MR MILLER: So the humanitarian situation in Gaza is dire. You have seen us focus from the beginning of this conflict on trying to improve the humanitarian situation. You’ve seen the Secretary travel to Israel to press Israeli officials to allow more humanitarian assistance to flow into Gaza. We have a special envoy we appointed who is in the region working every day on increasing the amount of food and water and medicine that goes into Gaza. And you have heard us say – and the Secretary traveled and met with members of UNRWA in the region – how important the work that UNRWA is – or that UNRWA does is to Gaza and to civilians in Gaza, and it’s important that work be continued. And I would say it is because that work is so important that it is also important that UNRWA and the United Nations take this investigation seriously.

I note the – you said “allegedly,” and that is very much true, but UNRWA found that the evidence that was presented to them was credible enough that they fired eight of these employees and have suspended two others. And so we think the work’s important, but this is an investigation that needs to be conducted thoroughly. There needs to be accountability. If appropriate, there need to be remedial measures to ensure that this can’t happen again. And there’s no reason that the United Nations can’t do this investigation quickly. And in fact, because of the important work that UNRWA does, it’s important that they do carry out this investigation quickly.

QUESTION: So what would be satisfactory for the United States and its allies to sort of say, okay, aid will resume?

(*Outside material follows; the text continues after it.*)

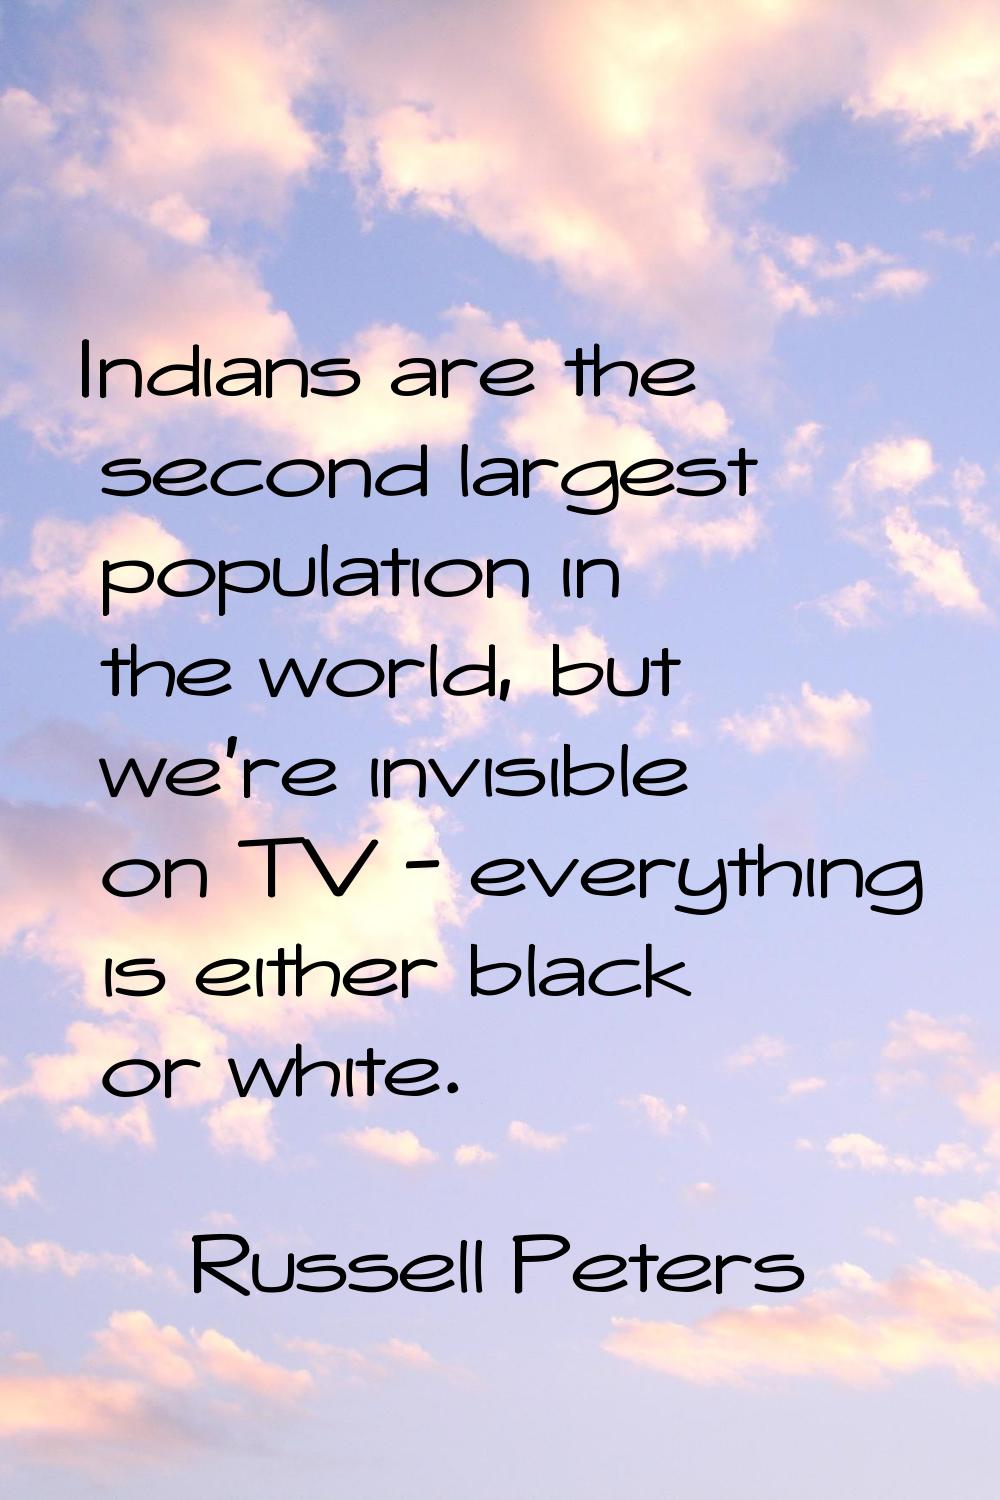 Indians are the second largest population in the world, but we're invisible on TV - everything is e

MR MILLER: So I will only speak for the United Nations – or for the United States, not for other countries. But the steps that I just outlined are what we want to see, a full investigation. And as we said in the statement we put out on Friday and we have said since then, we welcome the investigation that the United Nations has launched. We want to see accountability. We’ve seen initial steps to accountability in that UNRWA has fired eight of the employees and suspended two others while they conduct the investigation. And we want to see measures put in place to ensure, to the extent possible, that this can never happen again. And so we are engaging with UNRWA. We are engaging with the United Nations about what those steps ought to look like. I won’t read out the details of those conversations, but they are in the buckets that I just outlined.

QUESTION: Thank you.

MR MILLER: Simon, go ahead.

QUESTION: I want to come back to the ICJ ruling last week, because you haven’t had a briefing since then. Before the ruling, your colleague – we were asking what the U.S. view would be on whether Israel is compelled to follow what the court was asking it to do. I wonder, you have responded to the – the State Department has responded to the ruling, but on the specific – I guess one specific thing that the ruling requested of Israel is to report within a month on what it’s doing to ensure that genocide isn’t taking place. Is that something that the U.S. is calling on Israel to comply with?

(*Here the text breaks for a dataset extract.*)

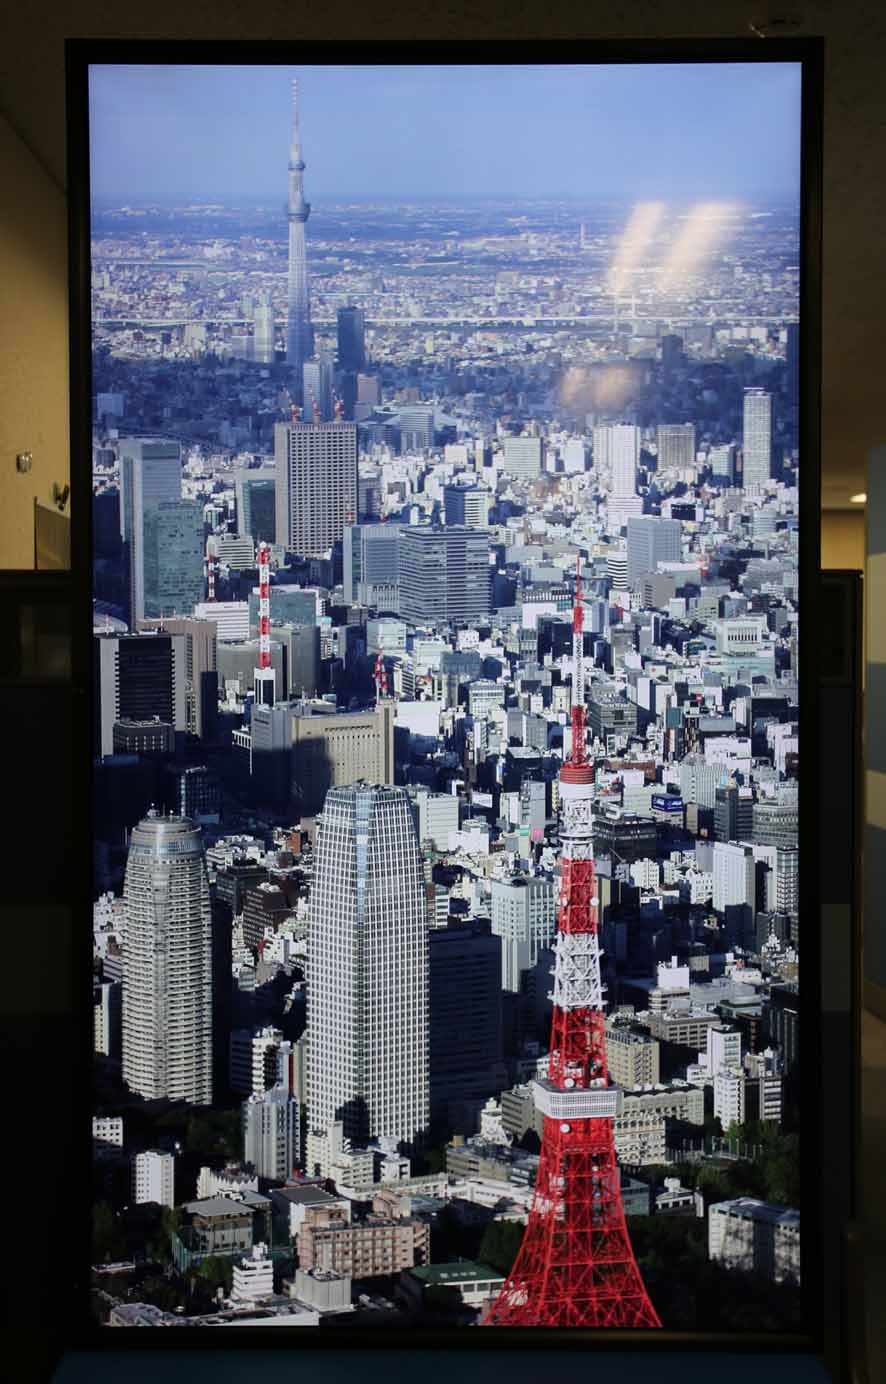 Demo of HTML5 content in web browser on large 4K portrait display.

MR MILLER: So I will say that a number of the things the court called on for Israel to do are things that we have said in our public statements and in fact in our private meetings with Israel. We’ve wanted to see them do more to allow humanitarian assistance to go into Gaza. We’ve wanted to see them do more to ensure that civilians are protected. And I will say we respect the court’s decision; we respect their ruling, as we said last week. And we expect Israel to determine what it has to do to comply with that ruling. It’s not a ruling that’s directed to us; it’s a ruling that’s directed to Israel. But we do expect them to determine what they need to do to comply with the court’s ruling, and we’ll be engaging with them about that matter.

QUESTION: After there’s a ruling, you’re able to say, okay, we’re happy with everything in here so our partner Israel should comply with what they – the way they deem —

MR MILLER: I think that we never want to address hypotheticals before they happen. So yes, we’re willing to comment on things after they happen, but not hypotheticals before they do. That’s general standing practice.

QUESTION: I mean, you might call this a hypothetical, but the court is also going to rule on Friday this week on – regarding the case with Ukraine and Russia. In that case, would you expect states to comply with what the ICJ says?

MR MILLER: I can guarantee that we will have something to say about that ruling after it happens. I wouldn’t want to preview what that would be. But as is true in this case, we certainly respect the court and its decisions.

QUESTION: Could I just follow up briefly on your response?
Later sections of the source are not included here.